2. Plaintiff shall serve upon defendants or, if appearance has been entered by counsel, upon defendants' attorney(s), a copy of every further pleading or other document submitted for consideration by the Court. Plaintiff shall include with the original paper to be filed with the clerk of court a certificate stating the date a true and correct copy of any document was mailed to defendant or counsel. Any paper received by a district judge or magistrate judge which has not been filed with the clerk or which fails to include a certificate of service will be disregarded by the court.

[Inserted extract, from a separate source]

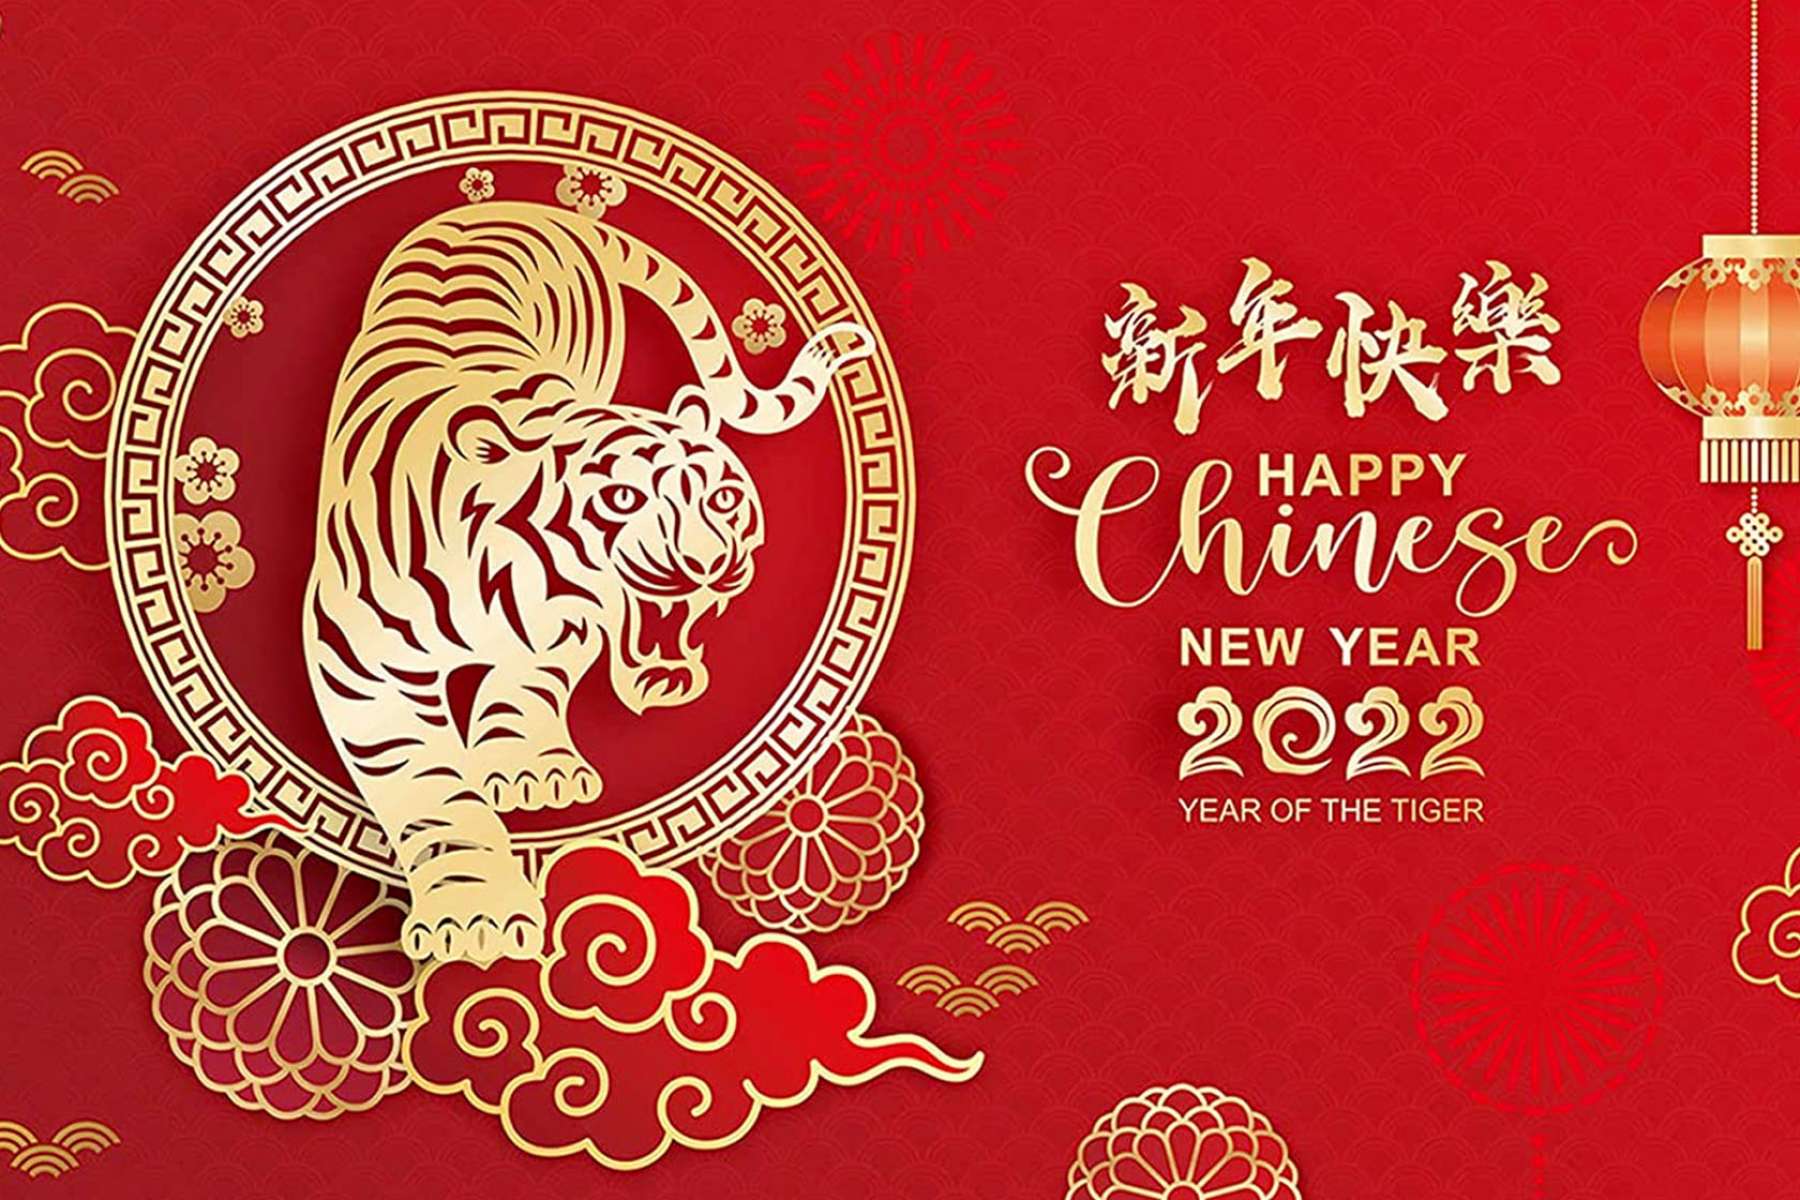 2022 year chinese images new
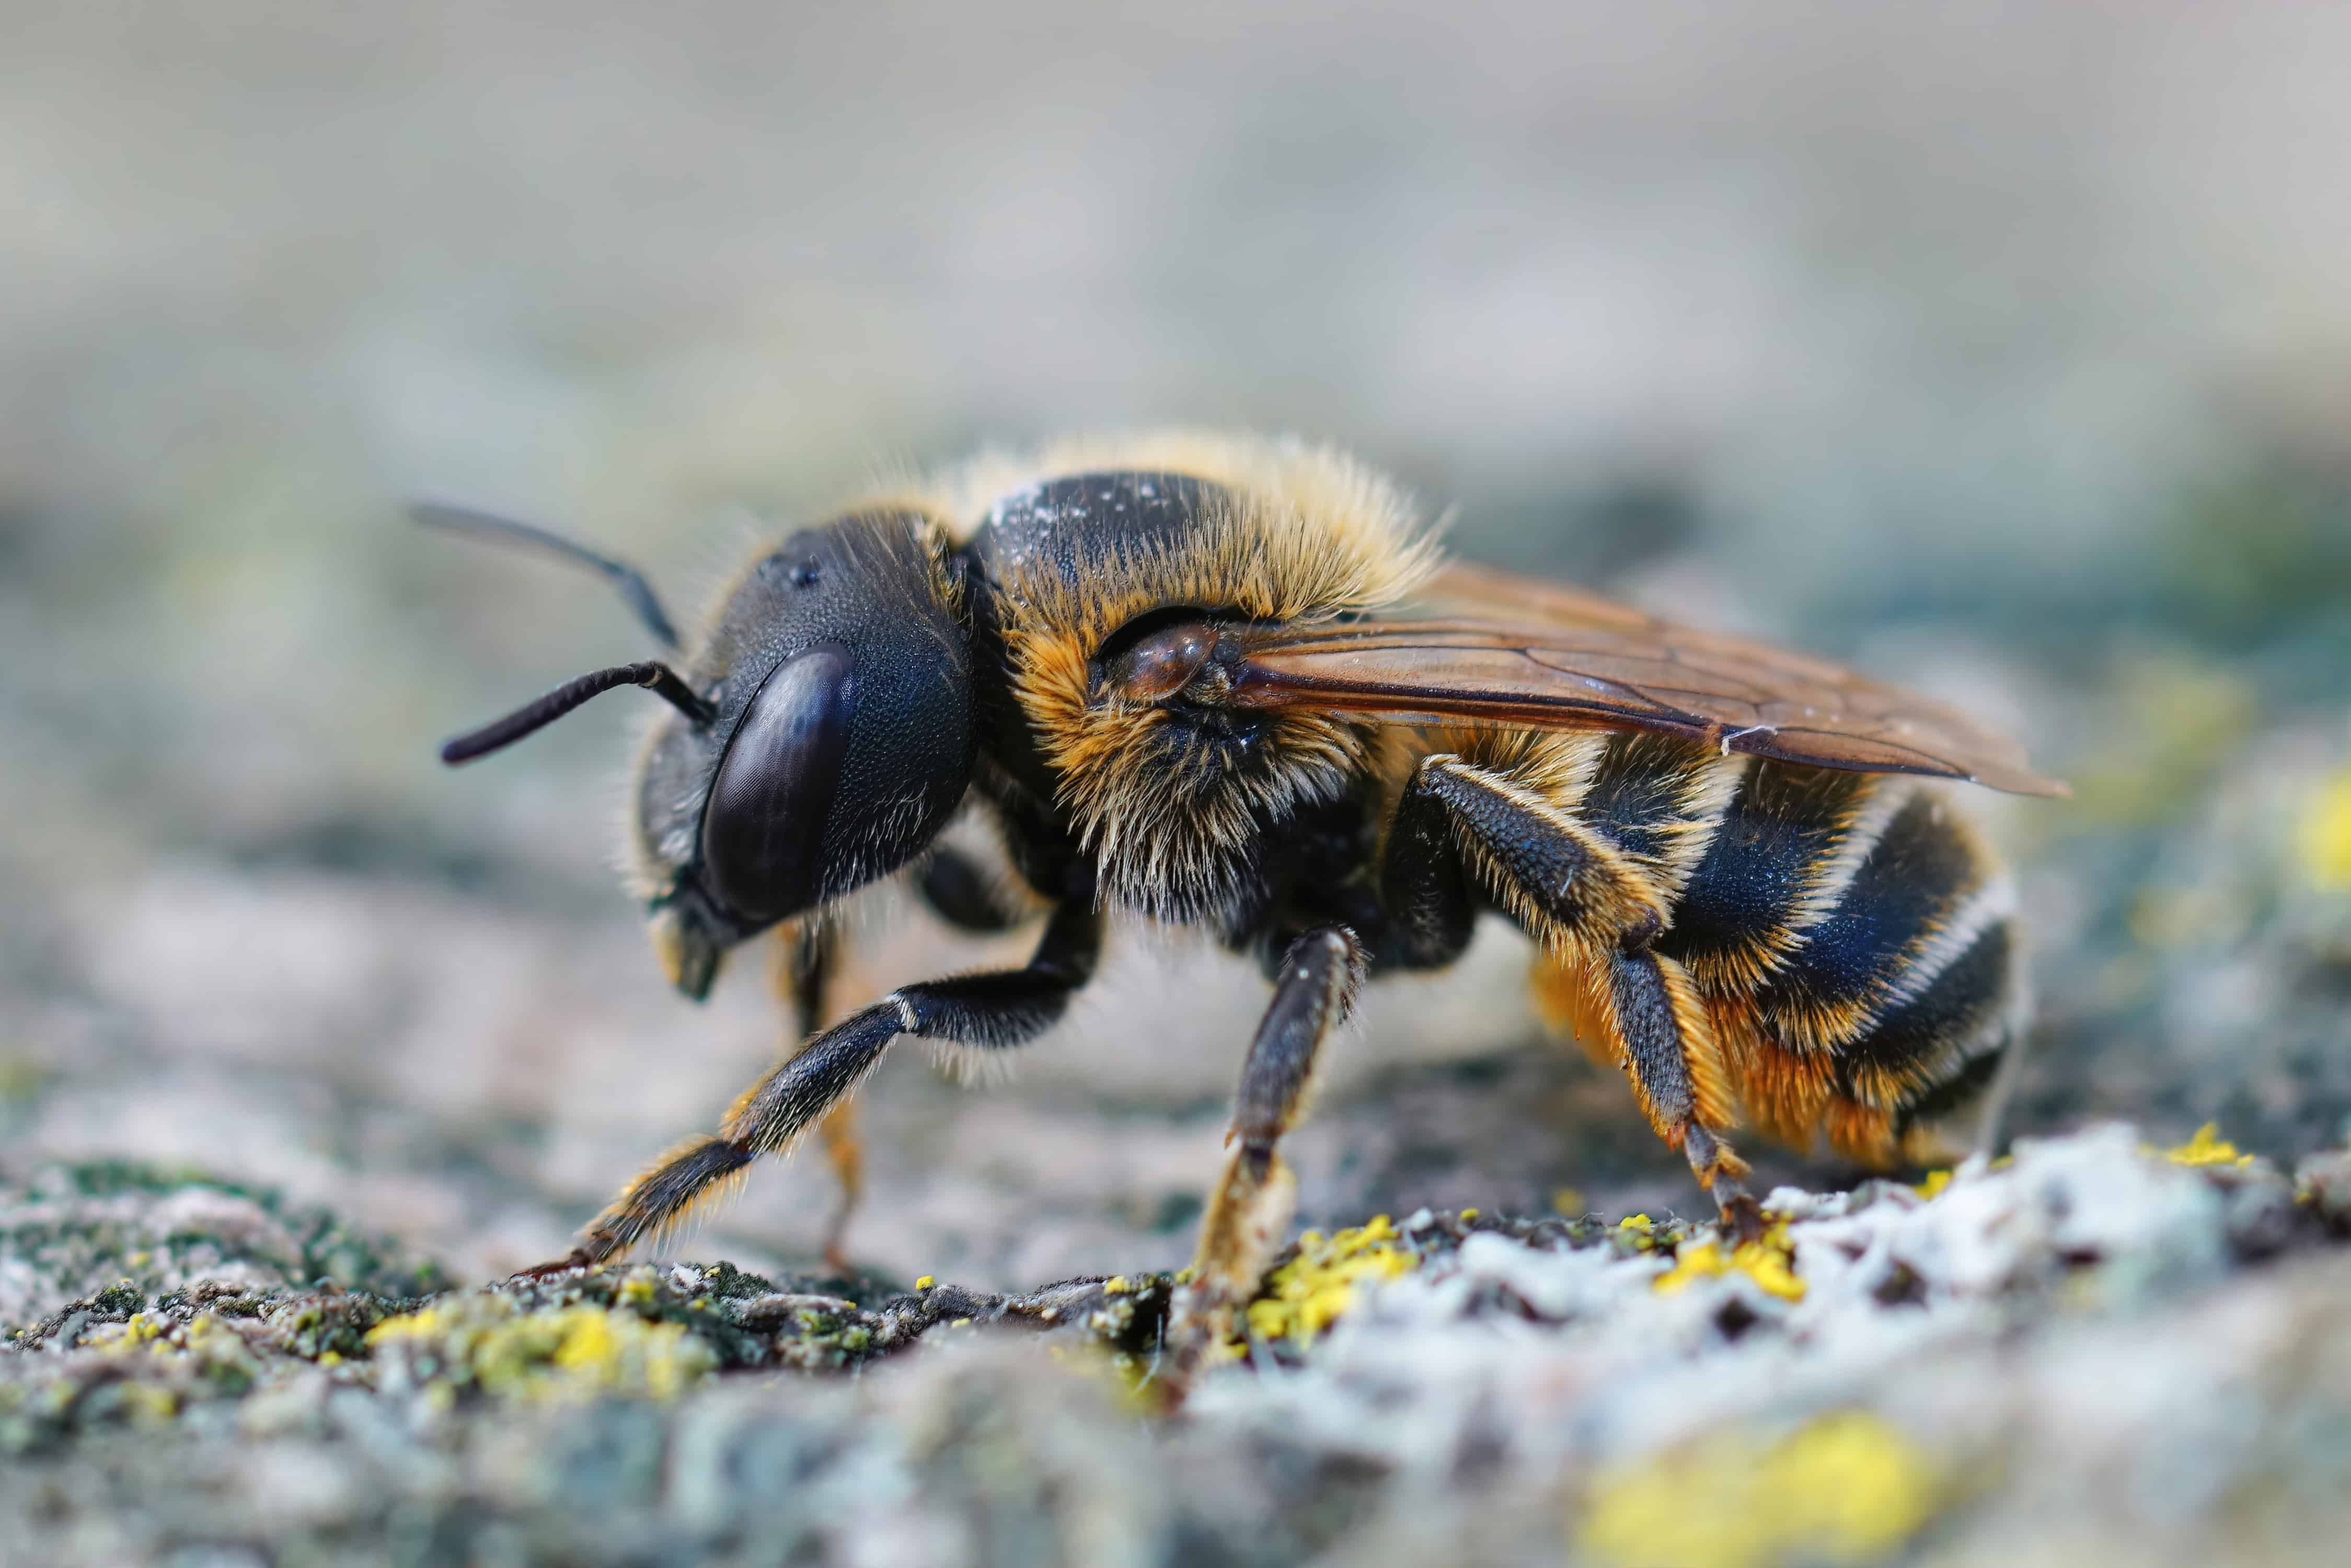 Detailed closeup on a Mediterranean golden haired mason bee, Osmia aurulenta. The bee is facing frame left. The bee had a black face and a black thorax. The thorax jhas a few light hairs on it. The bee's abdomen is banded black with slender gold stripes.

3. Plaintiff shall inform the Court promptly of any changes in plaintiff's address which may occur during the pendency of this lawsuit.
s/Stephanie K . Bowman
Stephanie K. Bowman
United States Magistrate Judge
NOTICE
Pursuant to Fed. R. Civ. P. 72(b), any party may serve and file specific, written objections to this Report & Recommendation ("R&R") within FOURTEEN (14) DAYS after being served with a copy thereof. That period may be extended further by the Court on timely motion by either side for an extension of time. All objections shall specify the portion(s) of the R&R objected to, and shall be accompanied by a memorandum of law in support of the objections. A party shall respond to an opponent's objections within FOURTEEN DAYS after being served with a copy of those objections. Failure to make objections in accordance with this procedure may forfeit rights on appeal. See Thomas v. Arn, 474 U.S. 140 (1985); United States v. Walters, 638 F.2d 947 (6th Cir. 1981).